To learn more go to: www.PyramidofPotential.com, PO Box 103, Burnt Hills, NY 12027, telephone: 518 585 2007
Book Review: How to Detect Developmental Delay and What to Do Next
How to Detect Developmental Delay and What to Do Next by Mary Mountstephen has been reviewed and highly recommended by Kathy Johnson: www.pyramidofpotential.com/blog
Ms. Johnson comments: I would suggest this book for anyone who is looking for answers as to why an individual struggles in school. Ms. Mountstephen uses her background as the leader of a large specialist support center at a major independent school and as an educational and neurodevelopmental delay specialist is private practice to put this book together. She also consults internationally to schools and organizations from her home in the UK, giving her the experience to understand all she writes in this book.
The book has two parts: Child Development and Signs of Delay in Part 1 and Interventions for Home and School in Part 2. Part 1 includes factors affecting early development including pregnancy and child development, genetic and environmental factors, and the role of primitive and postural reflexes. The chapter on what to expect in the early years is helpful in determining if development was typical or delayed by reading through lists of milestones. Next Ms. Mounstephen writes about special education and specific diagnoses, including dyslexia, dyspraxia, and ADD/ADHD.
Part 2 is all about the “What to do Next” in the title. She looks at movement, such as neurodevelopmental programs, balance, handwriting, and using a multi-sensory approach to classroom and home work.
The chapter on Vision, Visual Processing and Learning includes information such as why vision issues are frequently not found, strategies for children with visual problems, vision therapy, a vision assessment checklist, and the link between primitive and postural reflexes and visual problems. Indeed this is a thorough and important chapter!
Children receive informational input in school using two primary modes: vision and hearing. So another wonderful chapter is on Hearing, Auditory Processing and Learning.
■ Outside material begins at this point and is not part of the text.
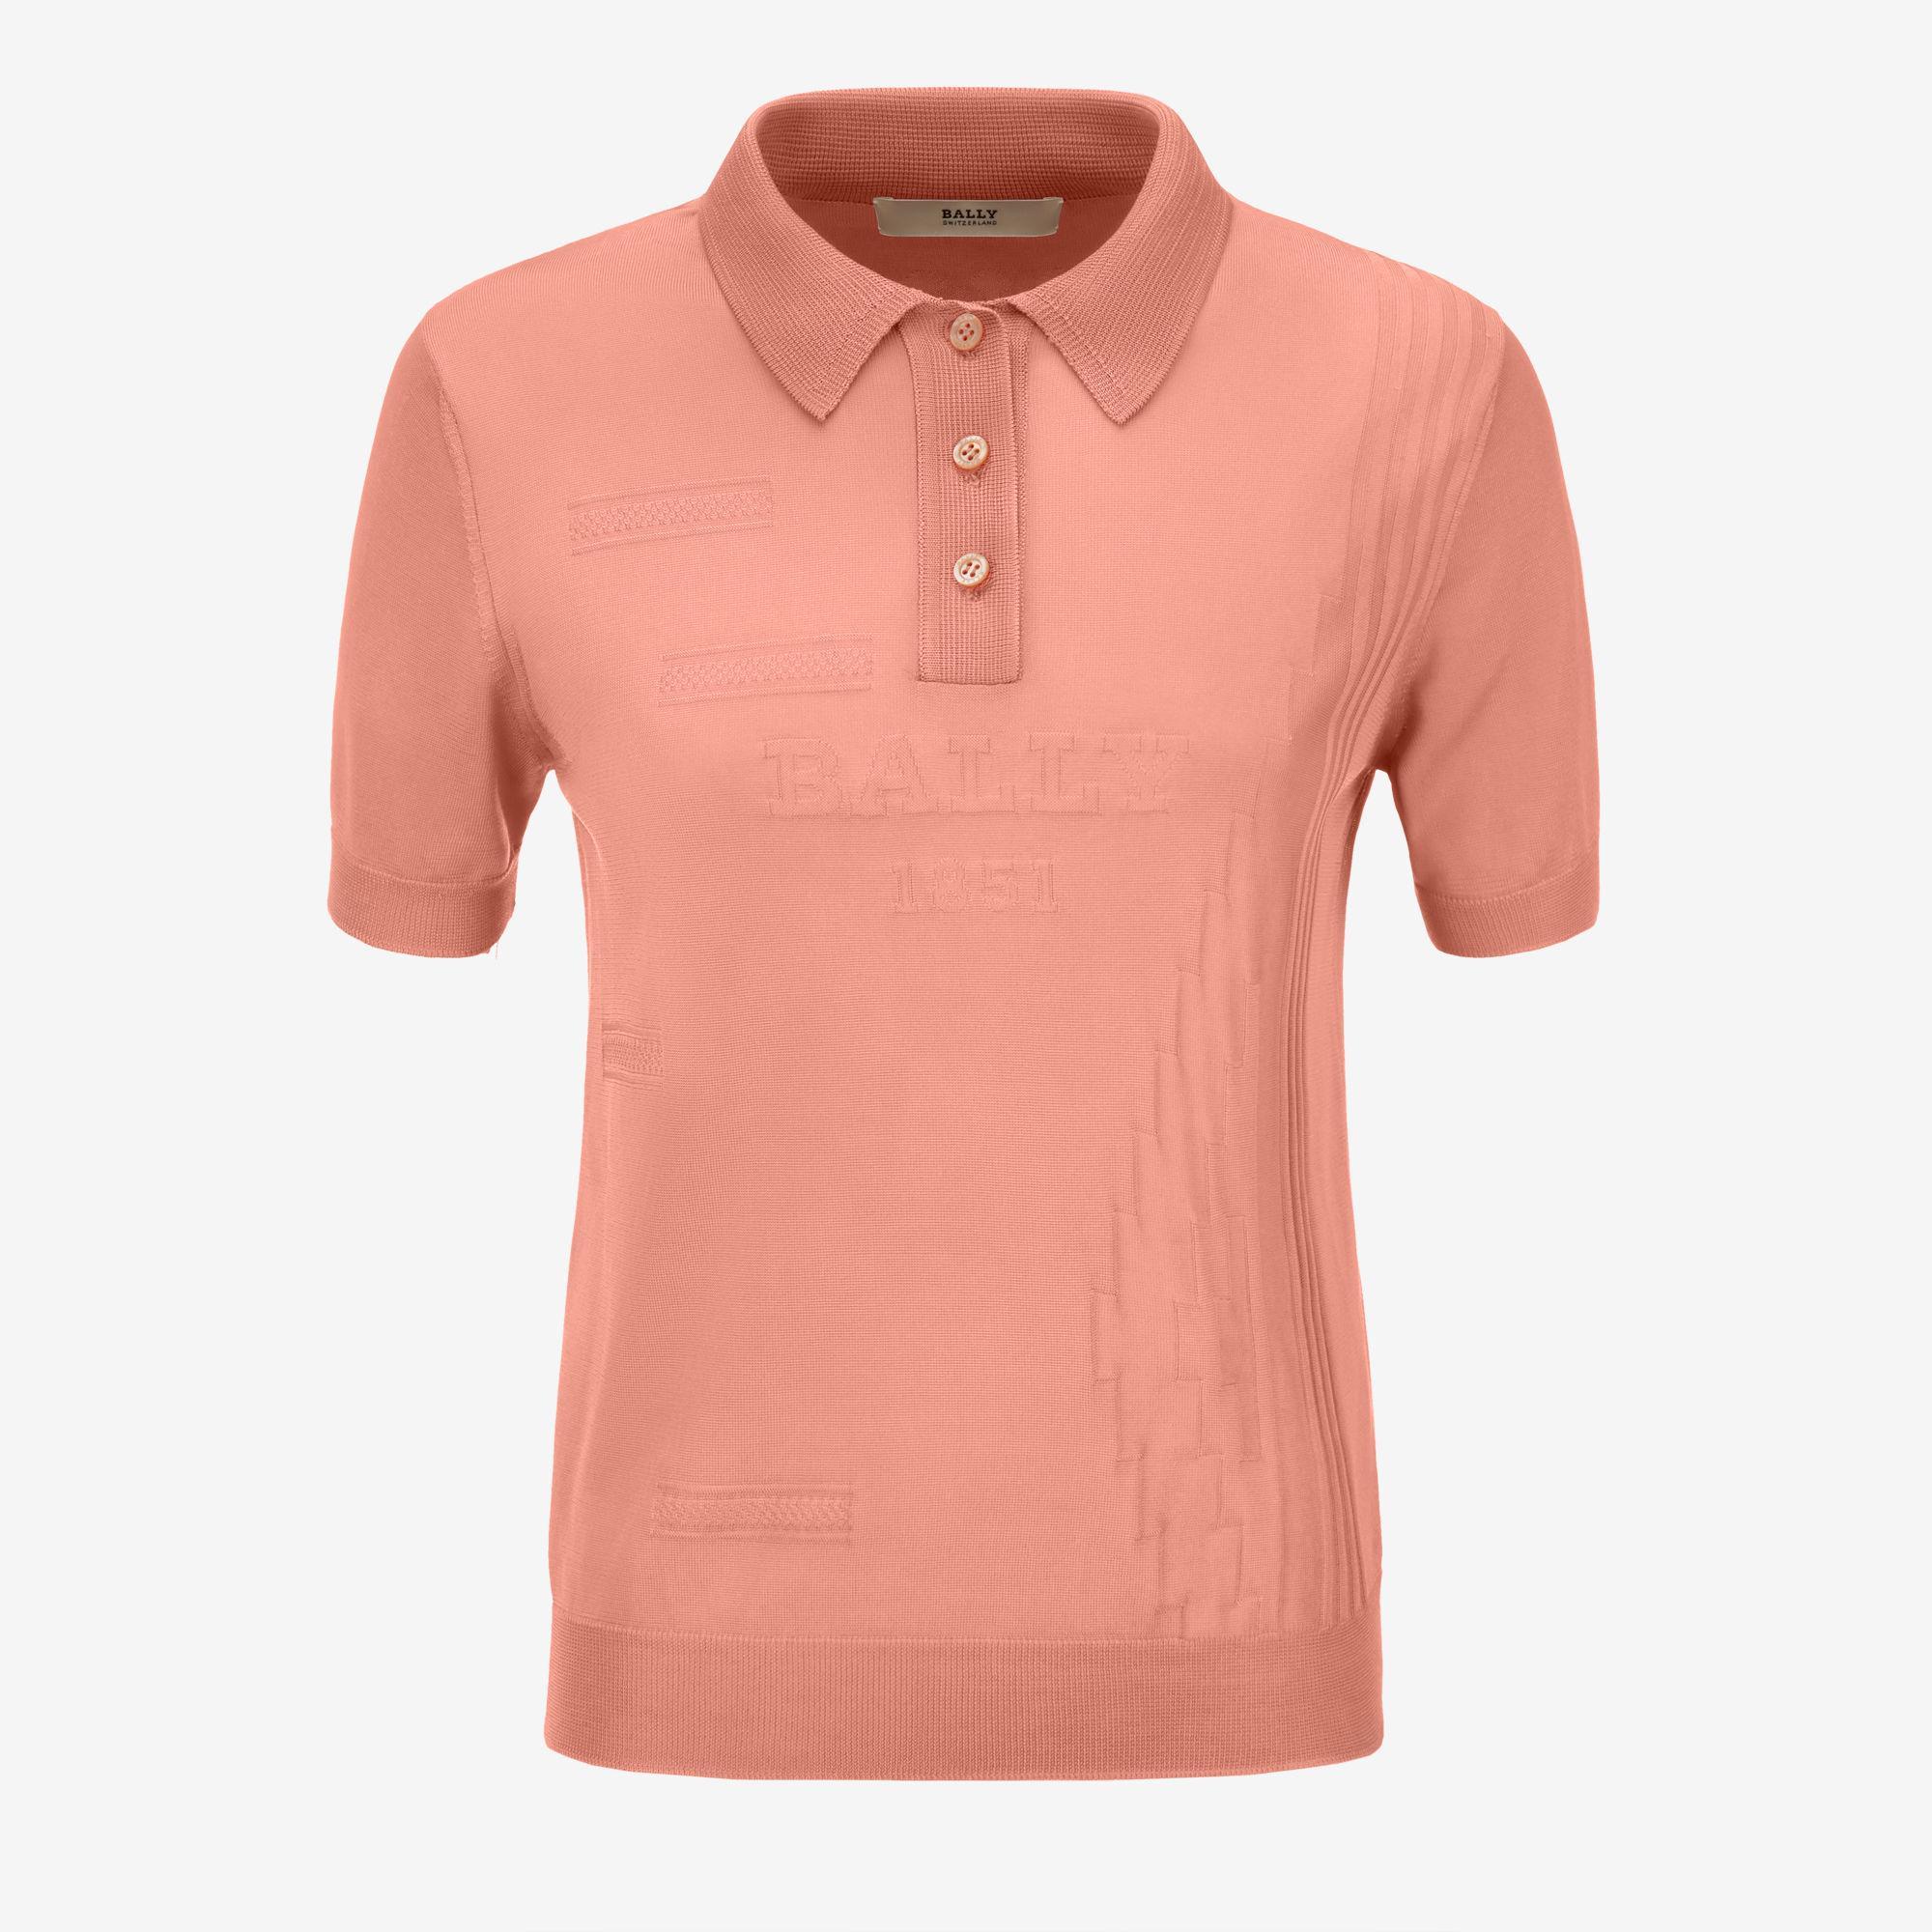 1f1e3b3c Bally - Pink Viscose Knit Polo Shirt for Men - Lyst. View fullscreen

She discuses the importance of these skills, language development, causes and symptoms of auditory processing problems, dealing with these issues in the classroom, speech and language therapy, and finally listening therapy programs.
The final chapter is on how a psychologist can help, written by Elvie Brown, and educational psychologist. In it she about her role, why see an educational psychologist, and information about a psychological assessment. Sample assessments help a parent know what to expect.
Finally, the Appendices include forms to aid a parent as they help their child, a brochure about Central Auditory Processing Disorder, and many resources.
I recommend this book highly for parents and professionals alike, as they seek to change children’s lives from struggling to learn to being successful in school. I was able to purchase it off Amazon.com.